Here’s what they found:
- Significant Body Composition Changes: CT imaging detected significant treatment-induced changes in body composition measures from baseline to the first follow-up.
- SAT and VAT significantly increased. On a population level, SAT increased from 40.3% to 42.8%, and VAT increased from 11.5% to 16.3%.
- SkM significantly decreased. On average, SkM decreased from 48.2% to 41.0%.
- BMI Missed These Changes: In stark contrast, BMI percentiles did not change significantly from baseline to first follow-up. Furthermore, changes in BMI% did not significantly correlate with any of the image-derived body composition changes. This is a critical takeaway: the patient’s body was undergoing substantial internal shifts, yet their BMI remained stable.
- Patient Characteristics Matter: The study also identified specific groups of patients who experienced even more pronounced changes:
- Males gained more adipose tissue and lost more SkM compared to females.
- Patients younger than 12 years old gained significantly more adipose tissue and lost more SkM compared to older patients.
- Those diagnosed with Non-Hodgkin’s lymphoma experienced greater adipose tissue gain and SkM loss.
- Patients with more advanced disease (Stage 3 or 4) gained significantly more VAT and lost more SkM compared to those with earlier stages (Stage 1 or 2).
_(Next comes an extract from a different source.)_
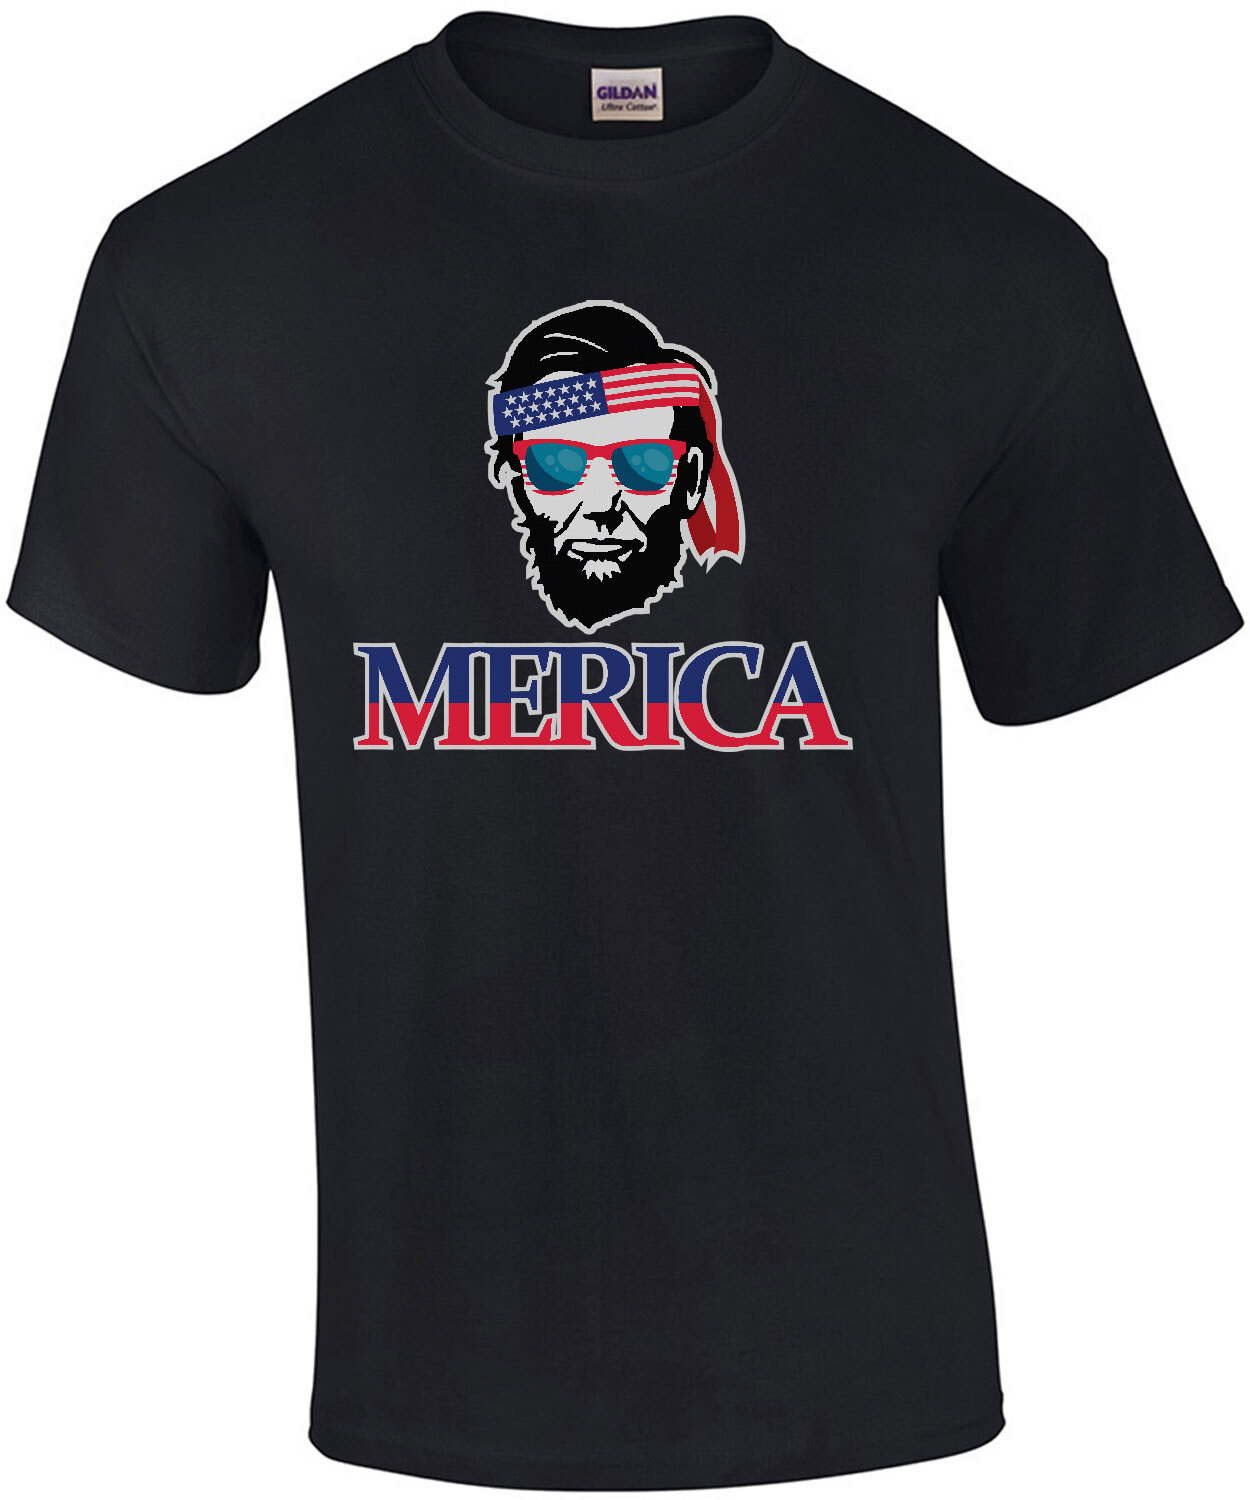 Merica - Abraham Lincoln - patriotic t-shirt

Why This Matters for the Future of Cancer Care
The findings from Tram et al. (2022) have profound implications for how we monitor and treat young cancer patients:
- Early Detection of Toxicity: The study found these significant body composition changes occurred early in treatment, within weeks or months of diagnosis. This means that CT imaging can provide a more sensitive approach for monitoring treatment-induced toxicity than BMI.
- Personalized Treatment Approaches: Understanding these shifts in muscle and fat allows for more personalized approaches to lymphoma treatment. If clinicians know a patient is rapidly losing muscle or gaining unhealthy fat, they could adjust dietary and exercise recommendations, or even chemotherapy dosing regimens, to prevent undesirable changes and enhance clinical outcomes.
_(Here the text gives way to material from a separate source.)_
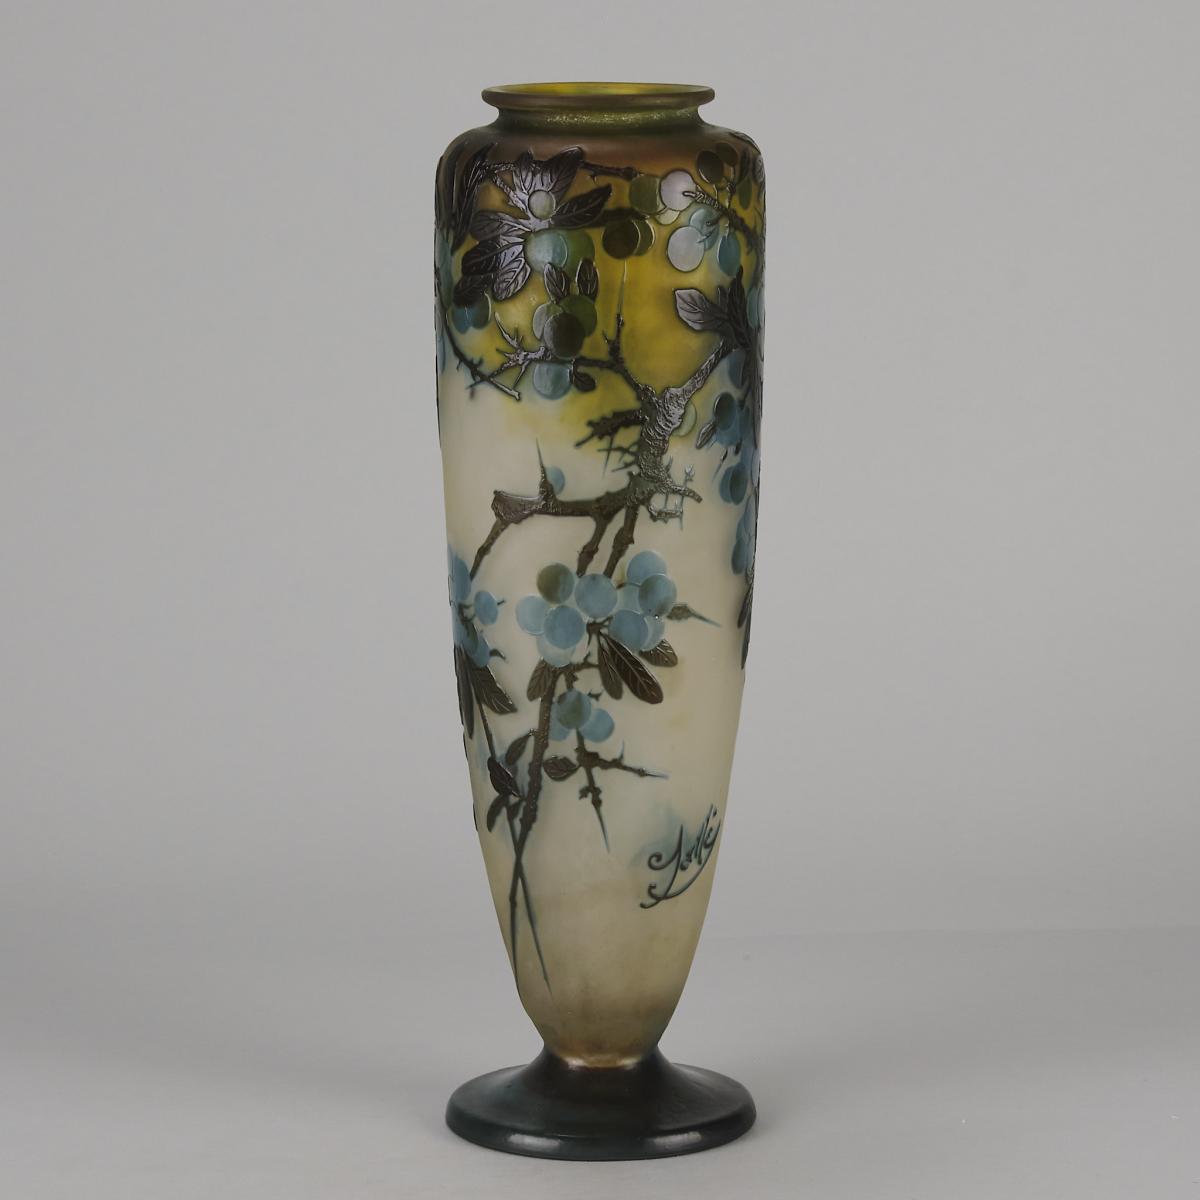 Early 20th Century Art Nouveau Vase entitled "Fruiting Sloe Berries" by Emile Gallé

- Identifying At-Risk Patients: By identifying patients at risk of developing conditions like obesity or sarcopenia, clinicians might gain insight into the “most ideal, personalized chemotherapy dosing regimens that prevent overtreatment and/or adverse effects of therapy”.
- Filling a Research Gap: This study is significant because body composition in pediatric and AYA oncology, especially in lymphomas, has been understudied. It lays the groundwork for future research to explore the role of body composition in moderating treatment outcomes.
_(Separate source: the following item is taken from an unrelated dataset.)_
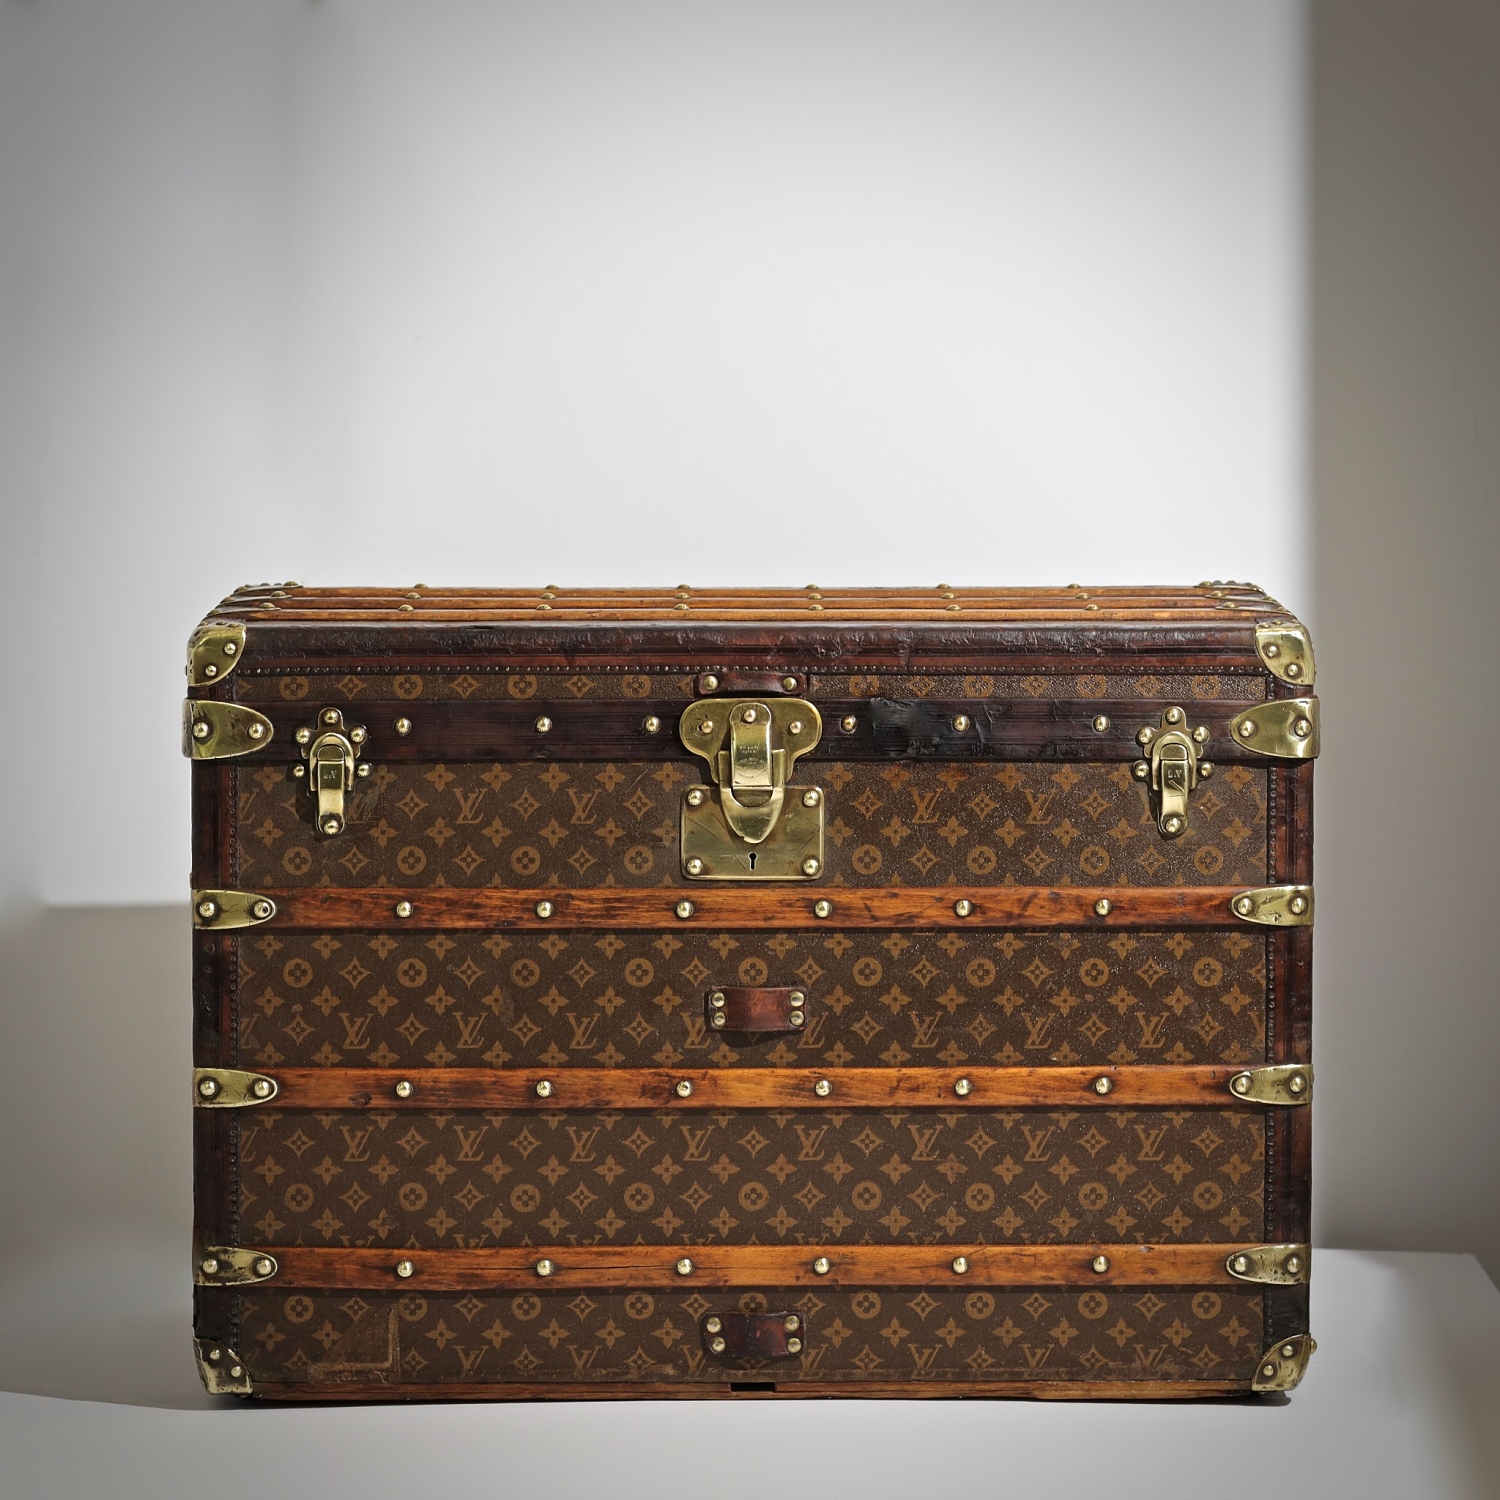 Show of Vintage Louis Vuitton Trunks Brings Time Travel to Sofitel

While this study was retrospective and conducted at a single site, the findings strongly advocate for incorporating routine CT imaging for body composition assessment in clinical practice. This approach could truly revolutionize how we support young cancer patients, moving beyond the limitations of simple weight and BMI to understand the complex, dynamic changes happening within their bodies during treatment. It’s about seeing the full picture to provide the best possible care.